Source material Block Start

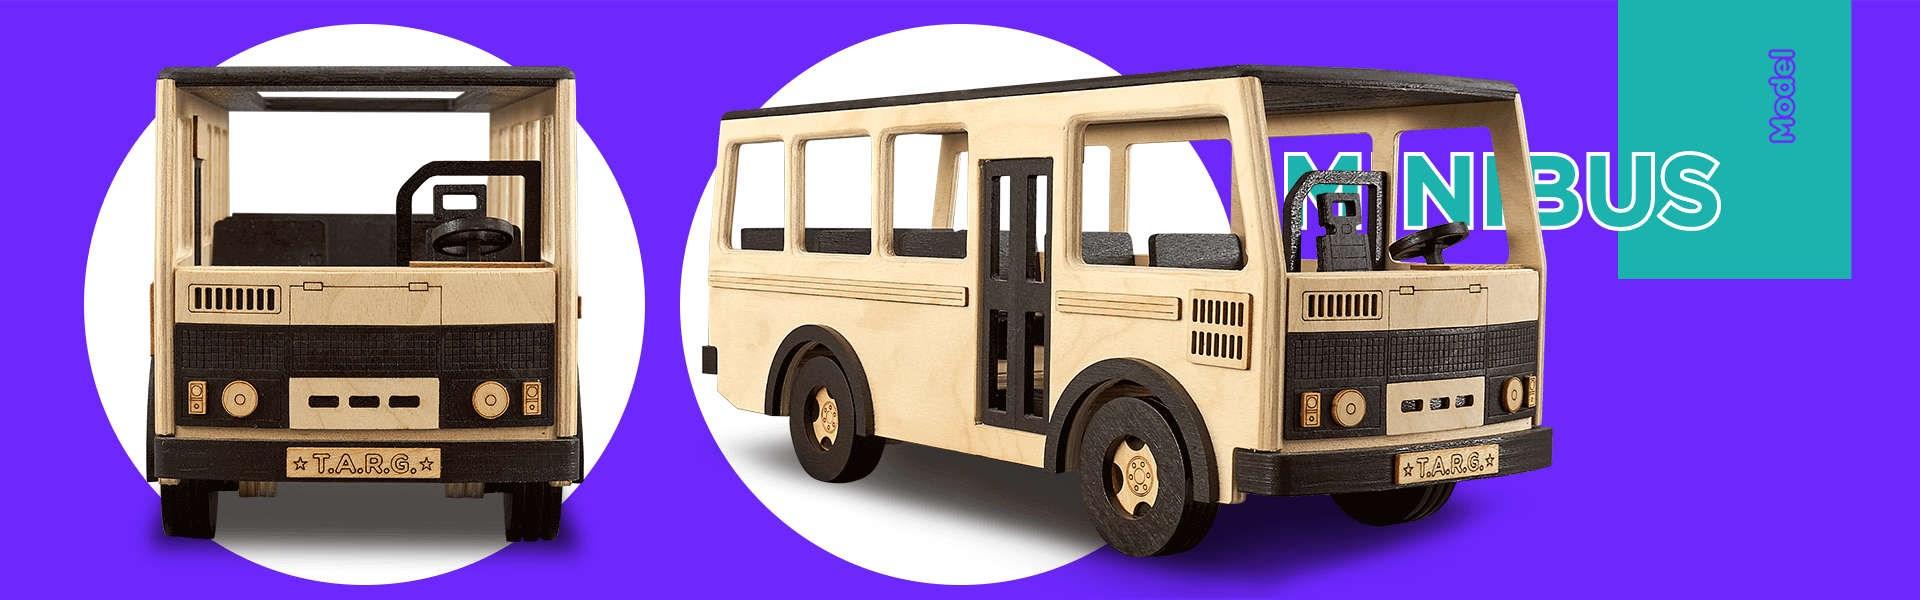 Сборная модель T.A.R.G. Minibus - фото 4959
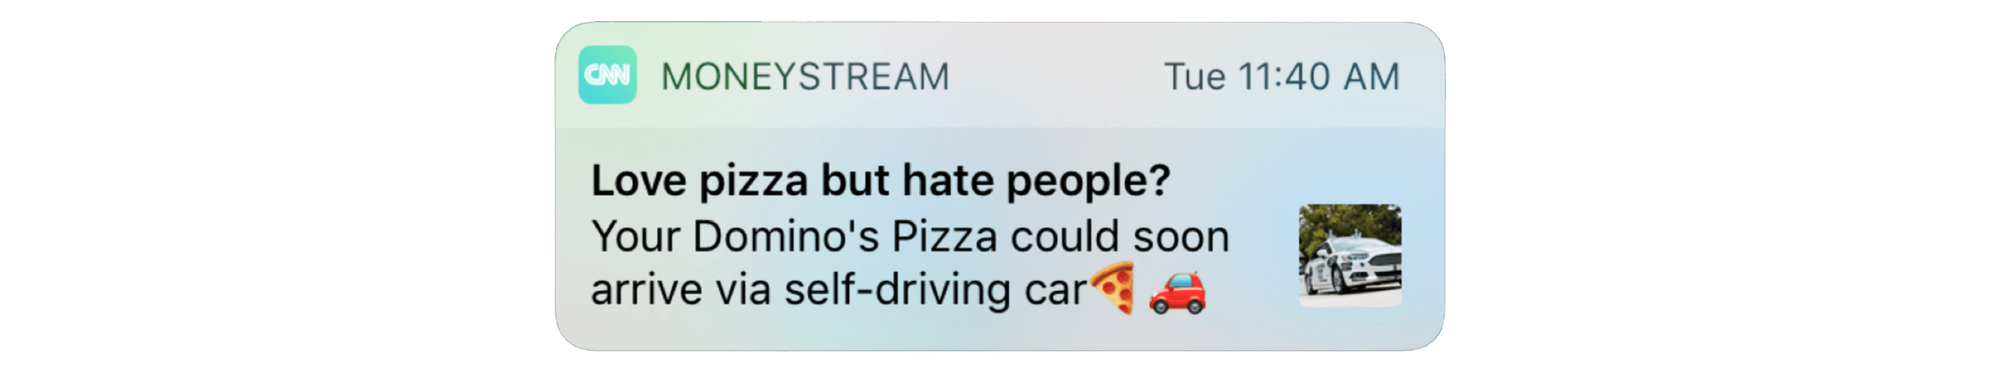 Effective push notification example
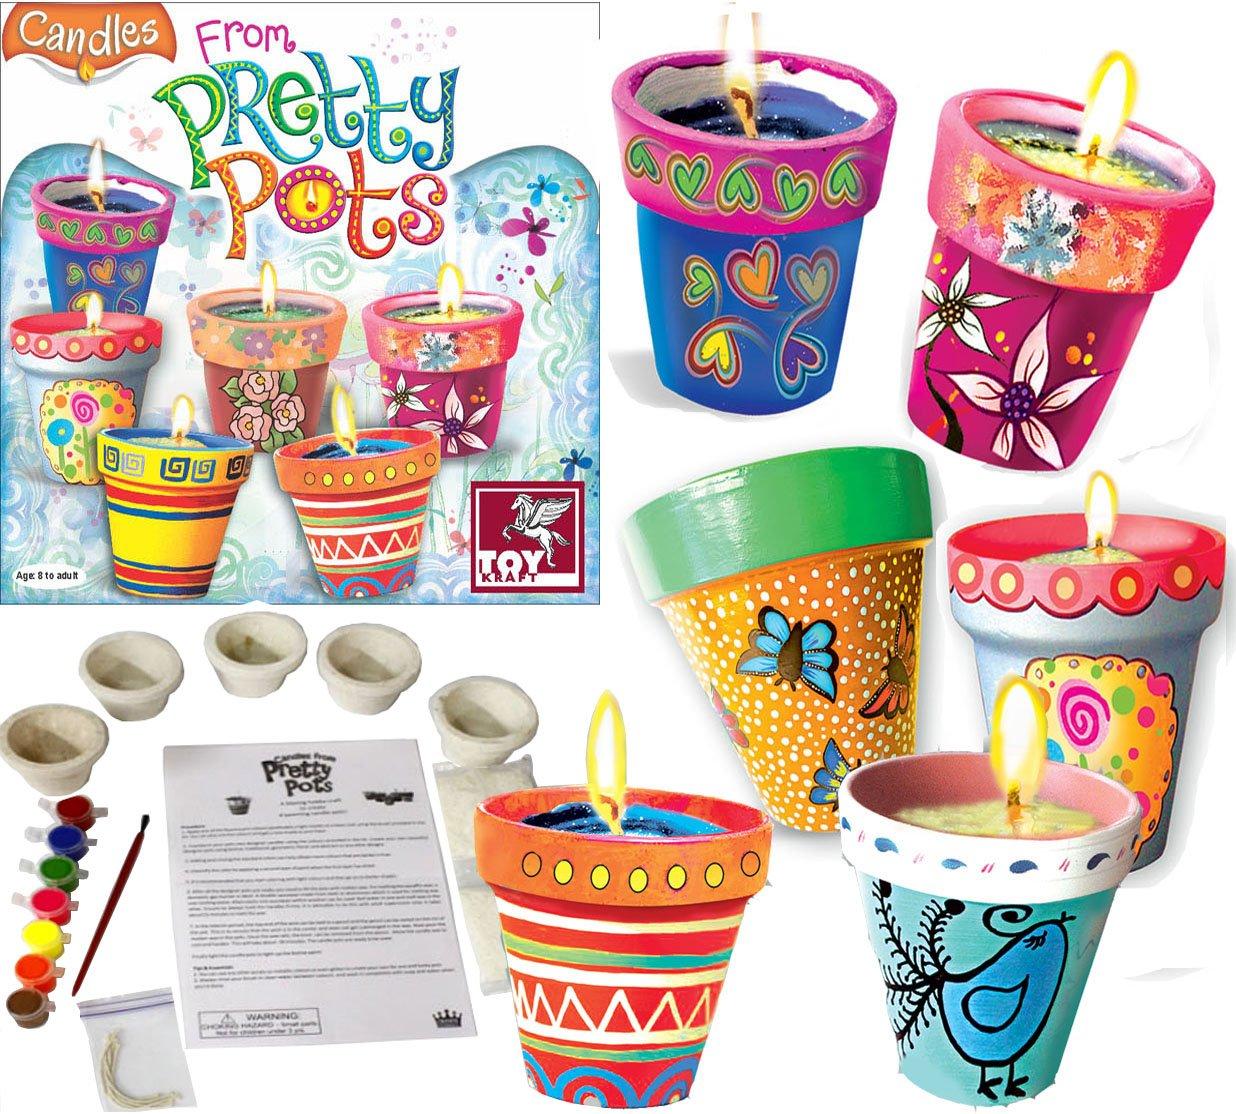 Ceramic Plant Pot Painting Candle Making Kit  Unique Girls Hobby Craft Gift Set Birthday Chrismtas Present Toykraft 39469
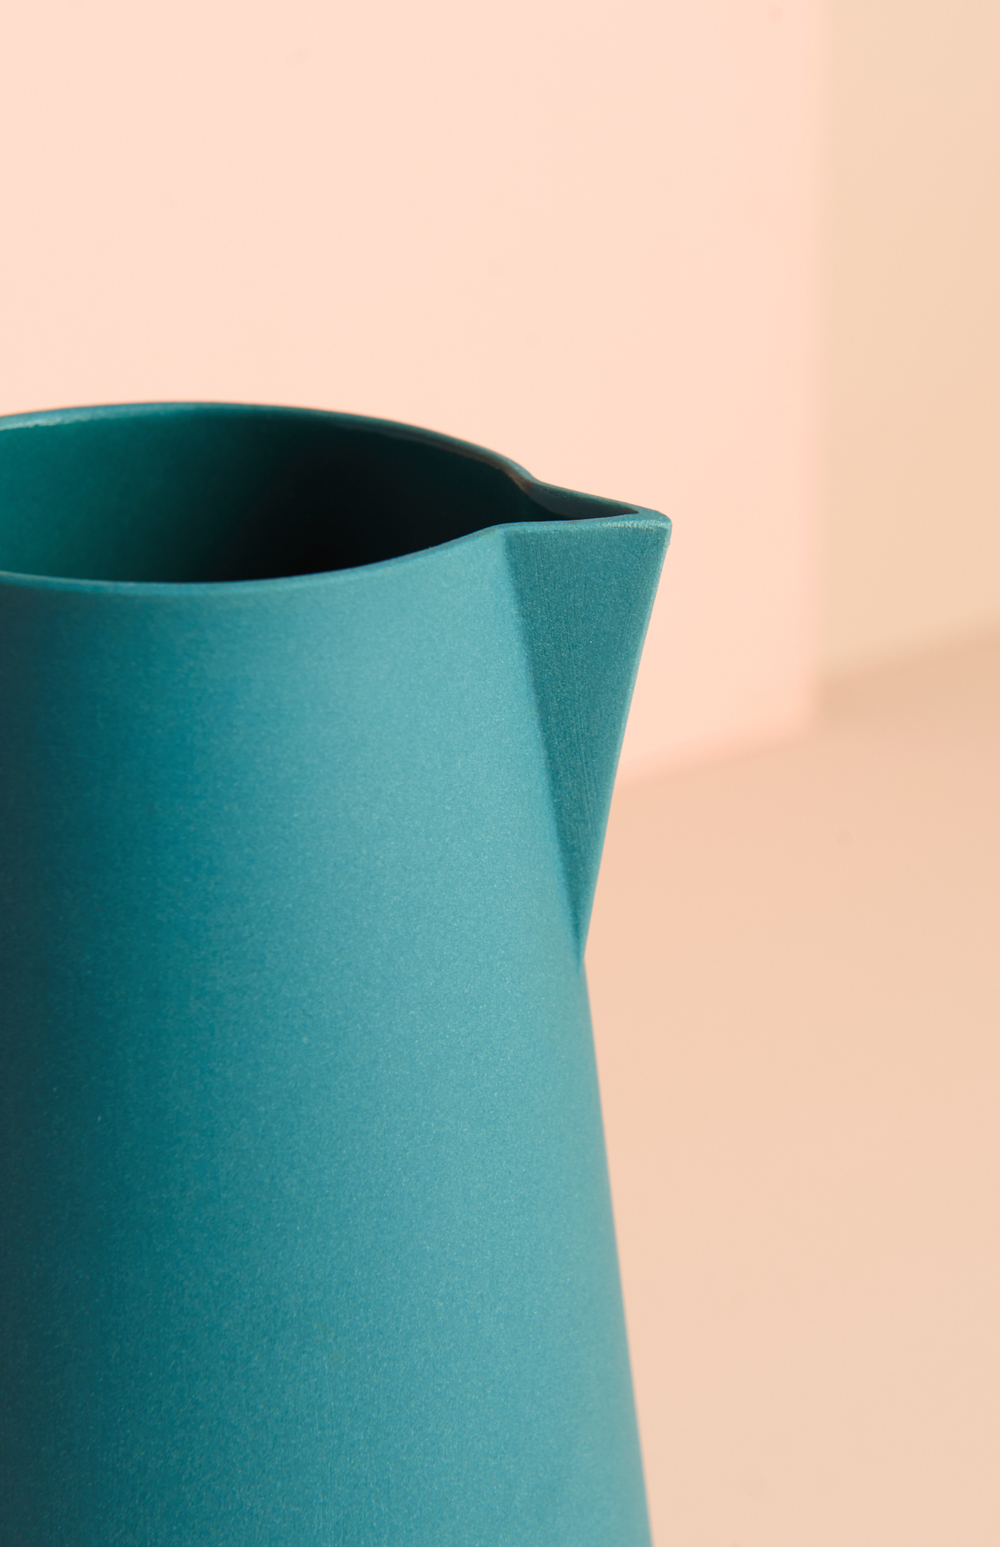 Schneid Katalog Teal Blue Ceramics
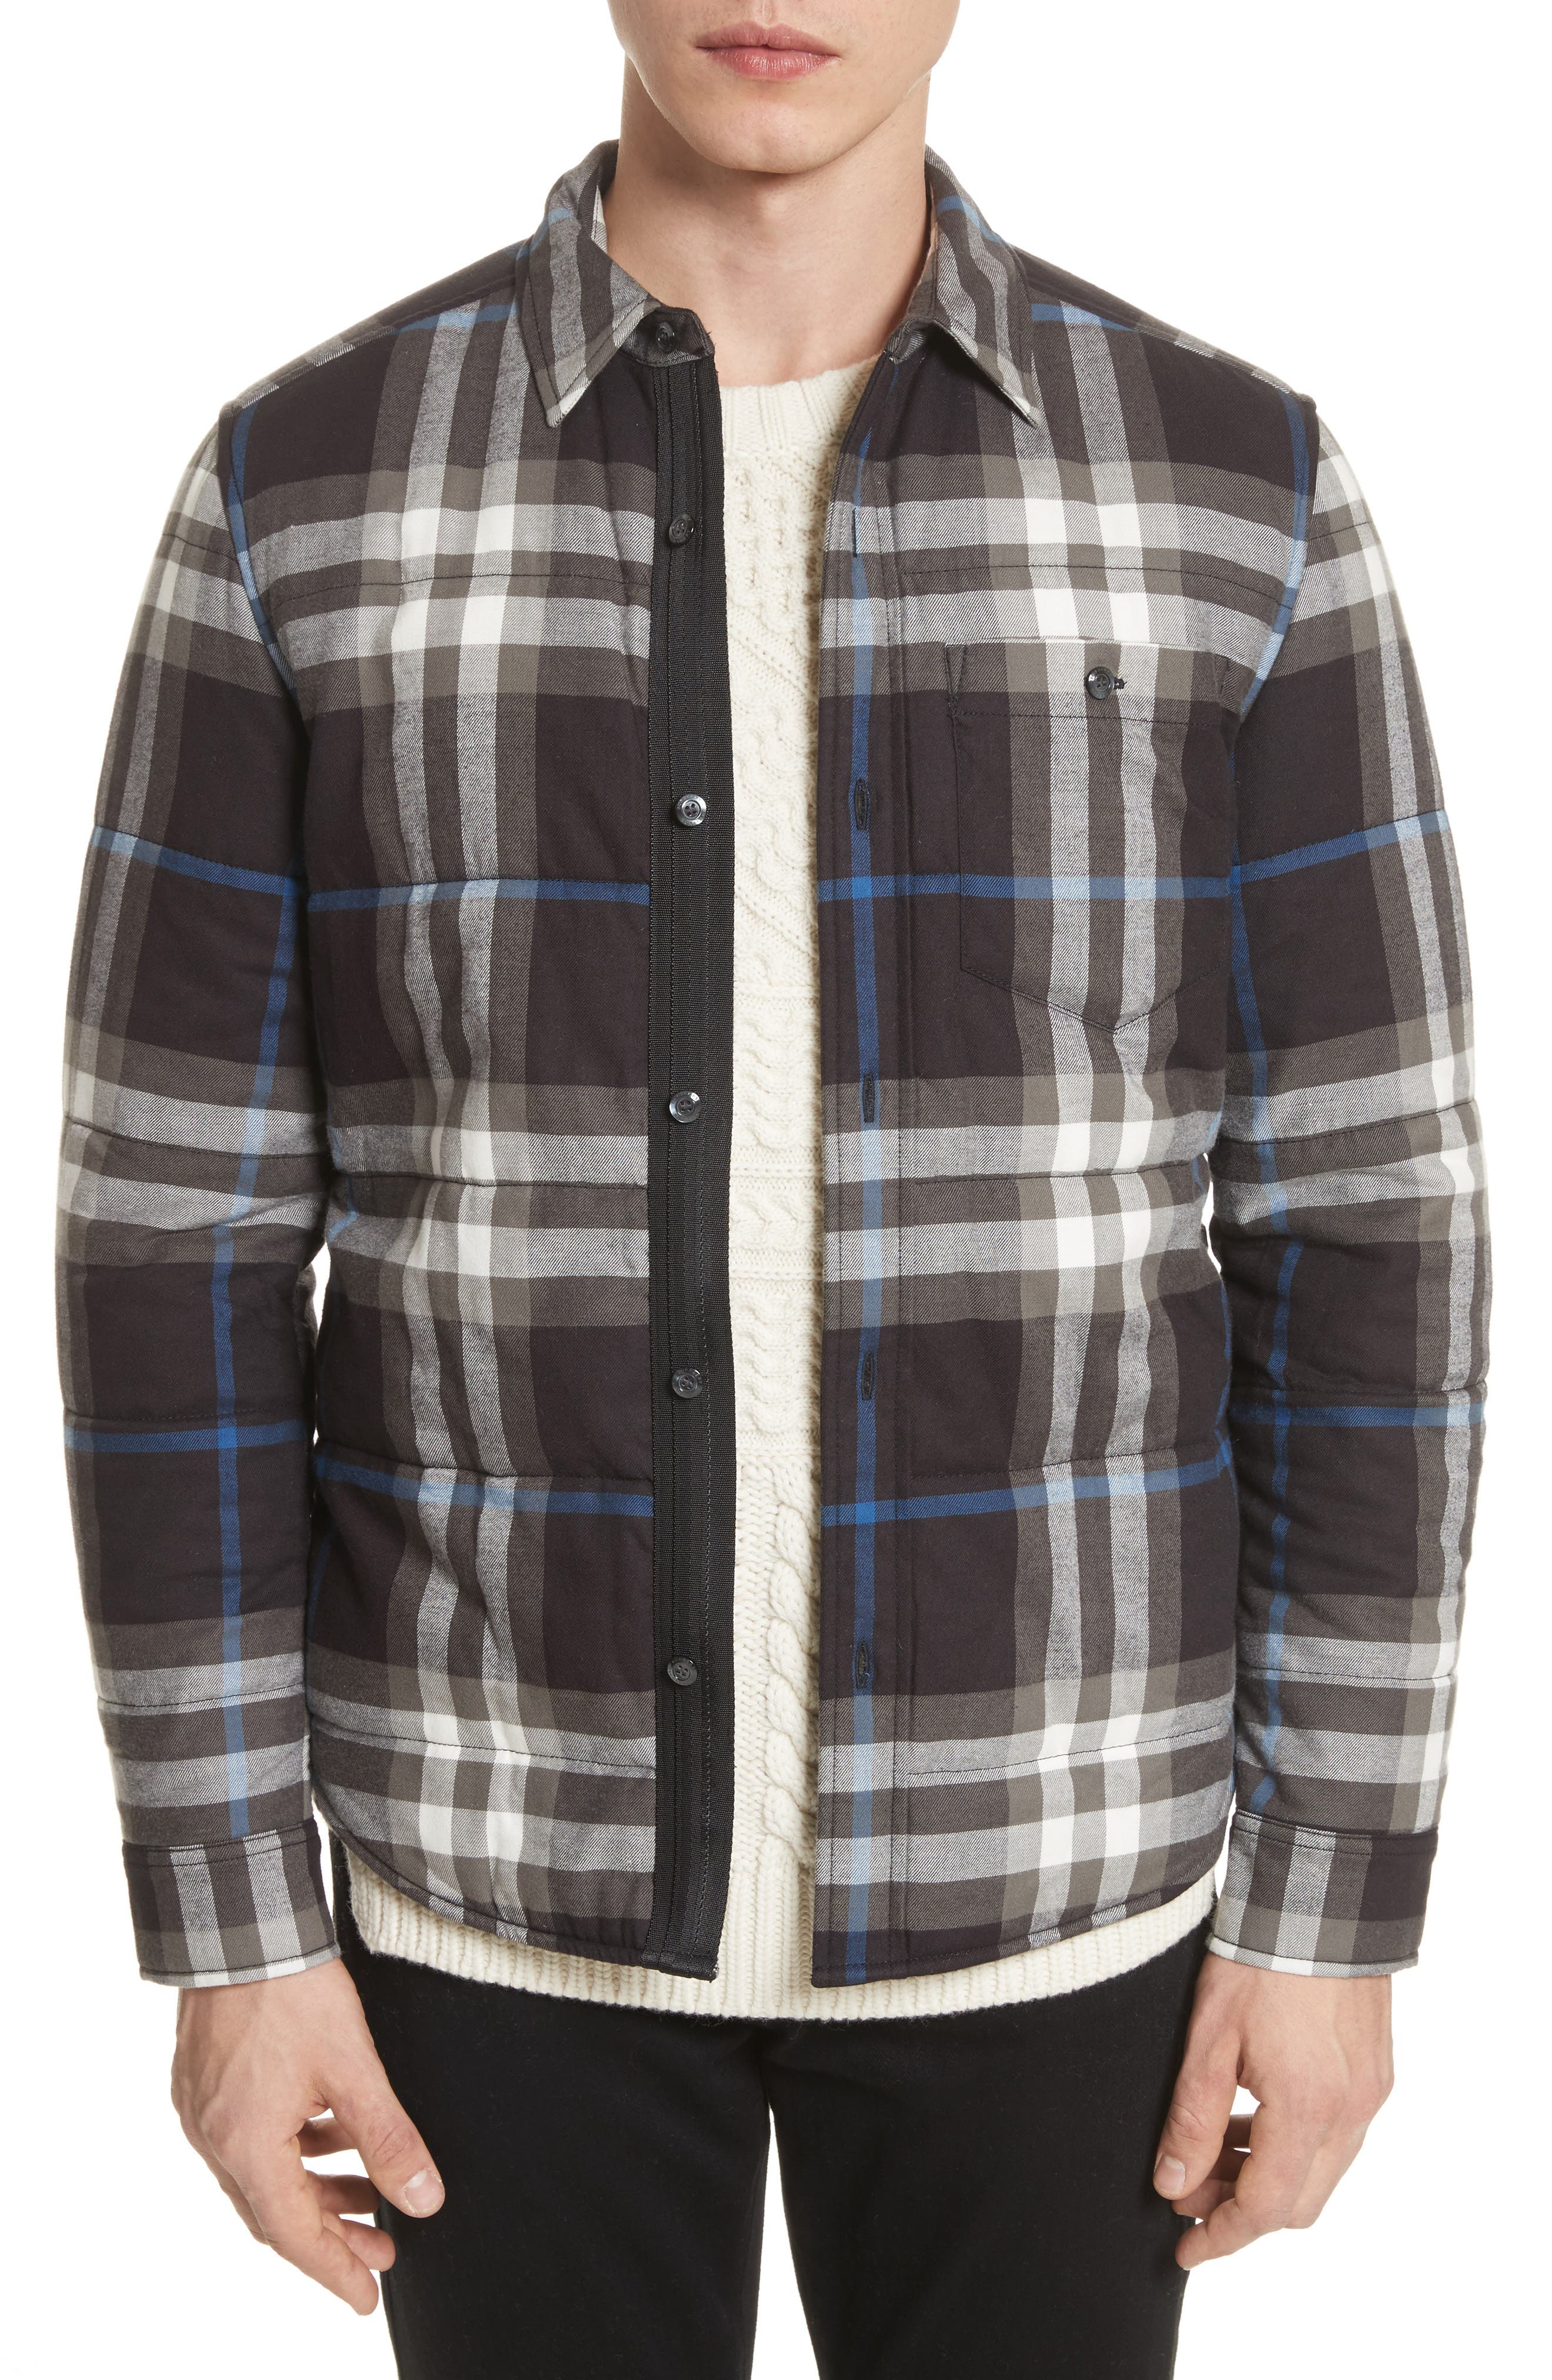 Main Image - Burberry Walsden Plaid Flannel Shirt Jacket

Source material Block End

- Prompt -
Only the lines from the one containing "Effective push notification example" through the last line of the data above, both included, belong in the reply, each restated exactly and without pictures.

- Solution to this task -
 Effective push notification example
 Ceramic Plant Pot Painting Candle Making Kit  Unique Girls Hobby Craft Gift Set Birthday Chrismtas Present Toykraft 39469
 Schneid Katalog Teal Blue Ceramics
 Main Image - Burberry Walsden Plaid Flannel Shirt Jacket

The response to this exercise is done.